Bug 155791

Summary: userpasswd does not seem to update kerberos v5
Product: [Fedora] Fedora Reporter: Jason Hoover <jasonhoover>
Component: usermodeAssignee: Miloslav Trmač <mitr>
Status: CLOSED WORKSFORME QA Contact: David Lawrence <dkl>
Severity: medium Docs Contact:
Priority: medium    
Version: 4   
Target Milestone: ---   
Target Release: ---   
Hardware: i386   
OS: Linux   
Whiteboard:
Fixed In Version: Doc Type: Bug Fix
Doc Text:
Story Points: ---
Clone Of: Environment:
Last Closed: 2007-03-14 00:15:23 UTC Type: ---
Regression: --- Mount Type: ---
Documentation: --- CRM:
Verified Versions: Category: ---
oVirt Team: --- RHEL 7.3 requirements from Atomic Host:
Cloudforms Team: --- Target Upstream Version:
Embargoed:

Description Jason Hoover 2005-04-23 03:03:22 UTC 
Description of problem:

Userpasswd doesn't update kerberos 5 passwords through the applicable pam token.
However, vanilla passwd seems to have no trouble doing it. I'm filing it as
normal because it hampers the usefulness of the holy-grail kerberos single sign
on IMHO.

Version-Release number of selected component (if applicable):

1.79-2

How reproducible:

Every time.

Steps to Reproduce:
1. Change passwd with userpasswd. Try to kinit with new passwd.
2. Watch it fail.
3. Change passwd with passwd (after re-setting them both to the same).
4. Kinit again with new passwd, and viola!

Additional info:

Standard PAM configuration with kerberos selected and properly configured in
authentation system prefrence control pannel type thing.
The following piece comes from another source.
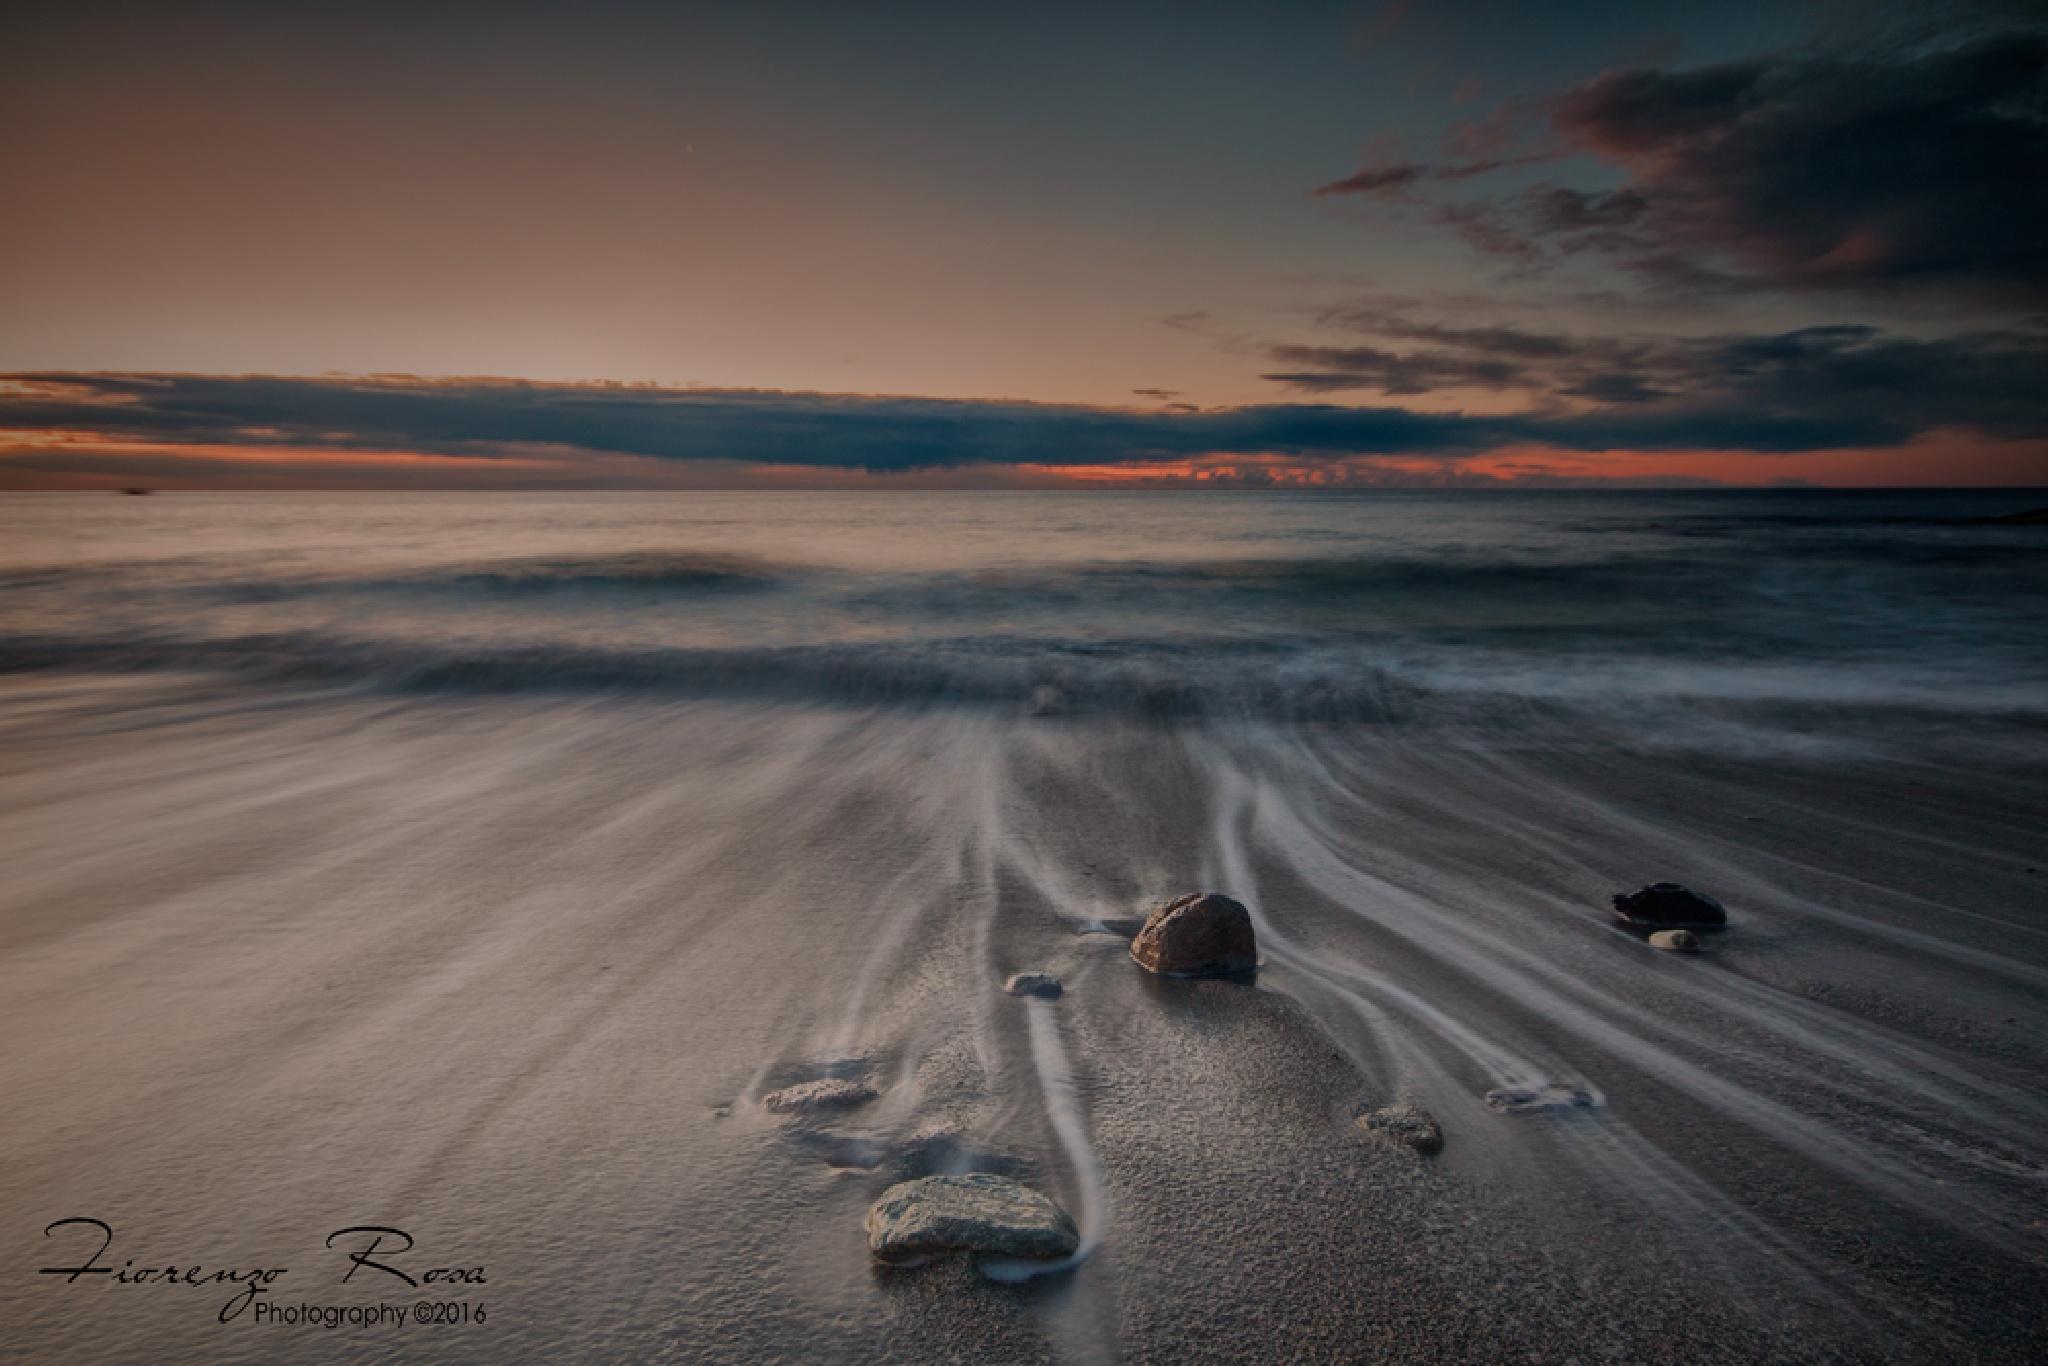 Paesaggio lunare by Fiorenzo Rosa

Yes, my kerberos server is set up properly. No, I haven't muddled with my pam
config.

There's potential that this is a symtom of Bug 1685 but, I have no way to verify
this for sure.
Comment 1 Jindrich Novy 2005-04-23 04:51:04 UTC 
Hello Jason, are you sure that bug 1685 has anything to do with this usermode
problem? Could you please write here a correct reference let me have a look at it?

Thanks,
Jindrich
Comment 2 Jason Hoover 2005-04-23 18:19:58 UTC 
Hah. Oops.

I meant Bug 16815.

Like I said, there's only potential, as they could be asking for a fix to work
with yppaswd ( or for pam_unix to do yppasswd changes ).

Sorry for the confusion.
Comment 3 Christian Iseli 2007-01-22 11:52:24 UTC 
This report targets the FC3 or FC4 products, which have now been EOL'd.

Could you please check that it still applies to a current Fedora release, and
either update the target product or close it ?

Thanks.
Comment 4 Miloslav Trmač 2007-03-13 23:36:21 UTC 
I'm sorry about the late response.

If you can still reproduce the problem, can you attach the relevant PAM config
files, please?

The default PAM configuration is currently
  password    requisite     pam_cracklib.so try_first_pass retry=3
  password    sufficient    pam_unix.so md5 shadow nullok try_first_pass use_authtok
  password    sufficient    pam_krb5.so use_authtok
  password    required      pam_deny.so
which means that successfull change of the local password terminates the
password change operation and pam_krb5 is never used.
Comment 5 Jason Hoover 2007-03-14 00:12:07 UTC 
Sorry, it was a long time ago, and I took that system apart by now. I'd have to
set up a krb5 server and a fc again. Though, that does explain a bit, as I had a
local user set up AND was using kerberos for authentication (set through the
appropriate gui interface at setup time). I think passwd changed both the local
and krb password by default, whereas userpasswd would do just the local
(shouldn't they work the same?).
Comment 6 Miloslav Trmač 2007-03-14 00:15:23 UTC 
They both use the same configuration, so they certainly should work the same,
and IIRC they did when I was testing it.